Прощай, Атлантида! - Владимир Шибаев
Шрифт:
Интервал:
Но времени всегда мало. И у юных, которые стайками сбившись, чирикают в барах и дискотеках, в кофейнях и на посиделках, таская в ушах мызыкальные шлейфы последних шлягеров, перемалывают косточки новостей и недругов на ристалищах в грязном снегу за заборами тюрем и за гаражами возле унылых подворий. Почти нет его и у пожилых, вперивших полуостановившиеся глаза в бешено крутящиеся циферблаты и надменно капающие краны. Времени всегда мало, как и денег. Недаром говорят – " время – деньги", или " время – деньги хитрых". Тогда получается, не вполне так рассуждал Воробей, что оно – разменная монета или купюра, которую индивид отдает за право пользоваться жизнью. Потом, как оно движется? Быстро или медленно? И вообще, умеет ли оно двигаться, ползти, лететь или прыгать. Земноводное оно или водится всюду – и перед, и за, и внутри звезд. А что звездам время! Им бы лишь правильно поставили перед оком телескопа будильник " большого взрыва". Но, конечно, полную чушь несут те, для которых время – река, в которую не войти дважды. Будто бы – раз выпал из времени, и каюк. Скорее, это безвинный не пьянящий кисель, сваренный старым усталым поваром и подтухший, в тонком клее которого человечки хоронят свои надежды. Значит, время – кладбище, на котором нужно поставить крест. Вот совершенно в отсутствии, слава богу, таких пегих мыслишек и сигал Воробей по родному городу. И правда, какой молодой, почти бы в другое время боевой комсомолец, придумает такую чепуху.

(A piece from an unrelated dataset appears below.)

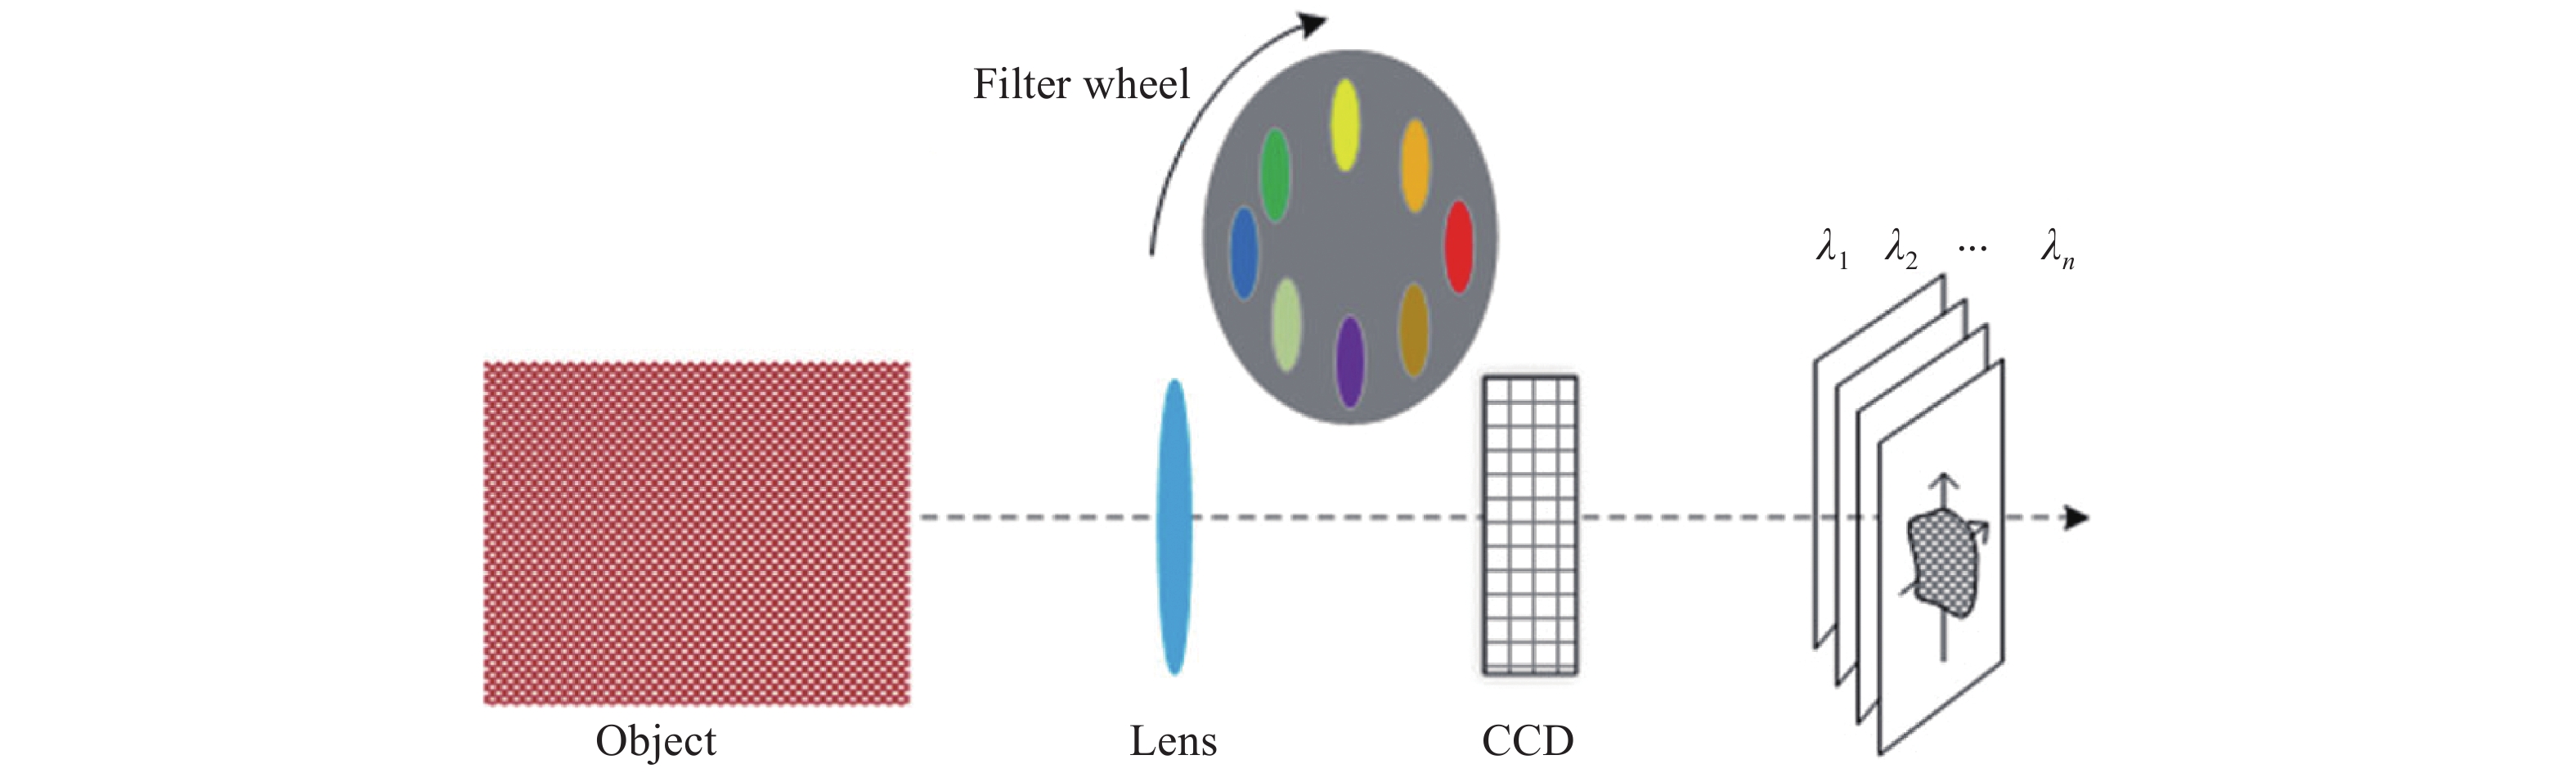 Structure diagram of rotating filter imaging spectrometer
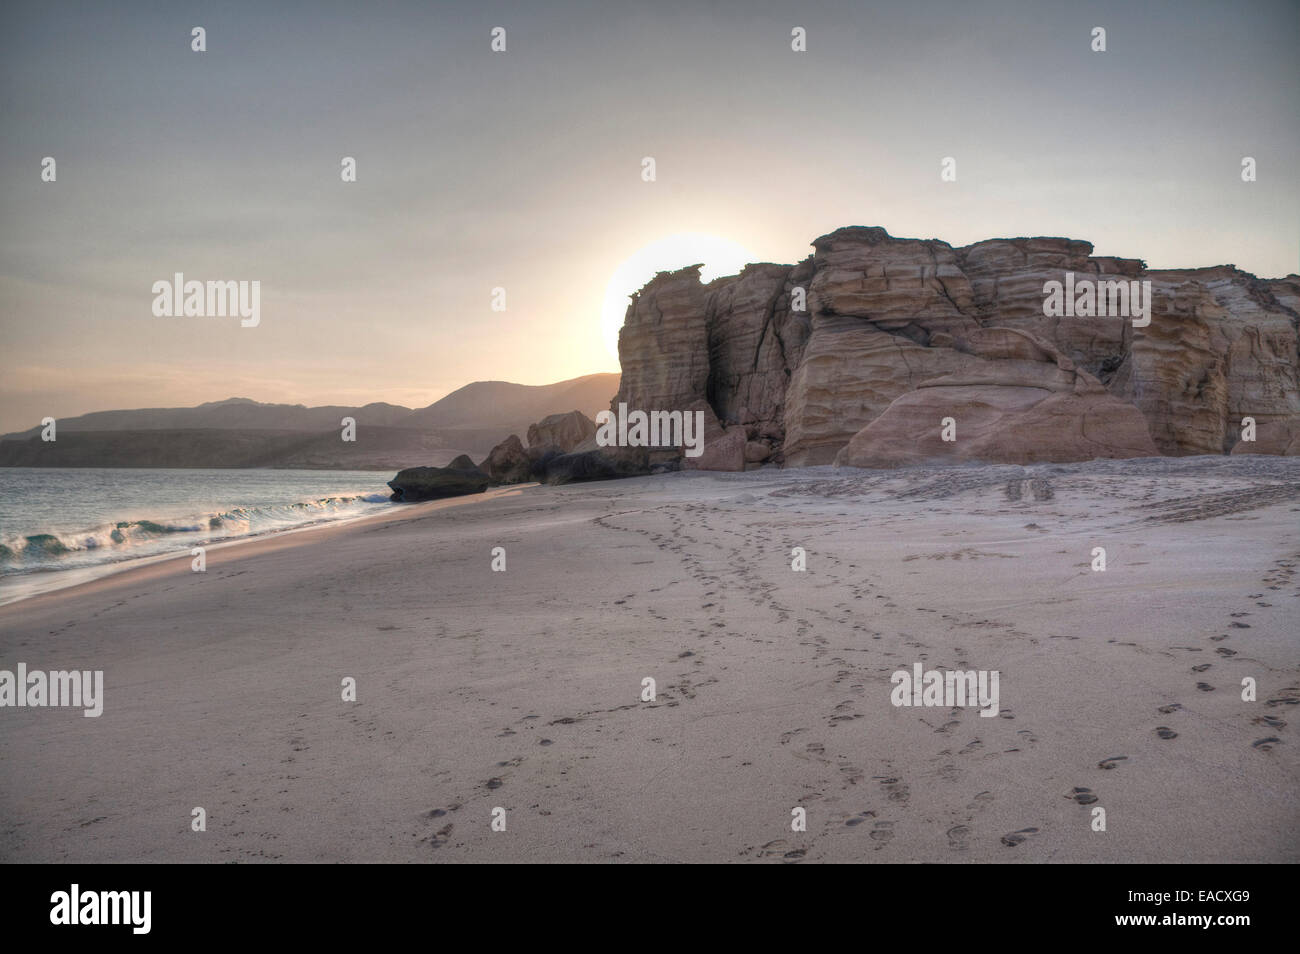 Beach in Ras al Jinz, Oman Stock Photo

Побывал он, среди прочих бесполезных мест и на чердачке одного старого работника бывшей Горсправки, теперь разбитого астмой инвалида на кресле-качалке, окруженного тоннами поднятых им уворованных бывших анкет и справок. Тот порылся, залез в груду бумаг, так, что виднелись только рифленые резиновые пятки его тапок и доносилось кудахтанье и сиплый кашель. Ничего не нашлось. Но все же инвалид пятьдесят рублей затребовал, уверяя, что, все равно: – " горсправка платная", время-то ушло, пока рылся, а куда ушло – не пояснил. Но, получив купюрку, посоветовал все же податься в горбольницу, в отделение-роддом, в богатый их фамильный архив. Туда молодой журналист и перепорхнул.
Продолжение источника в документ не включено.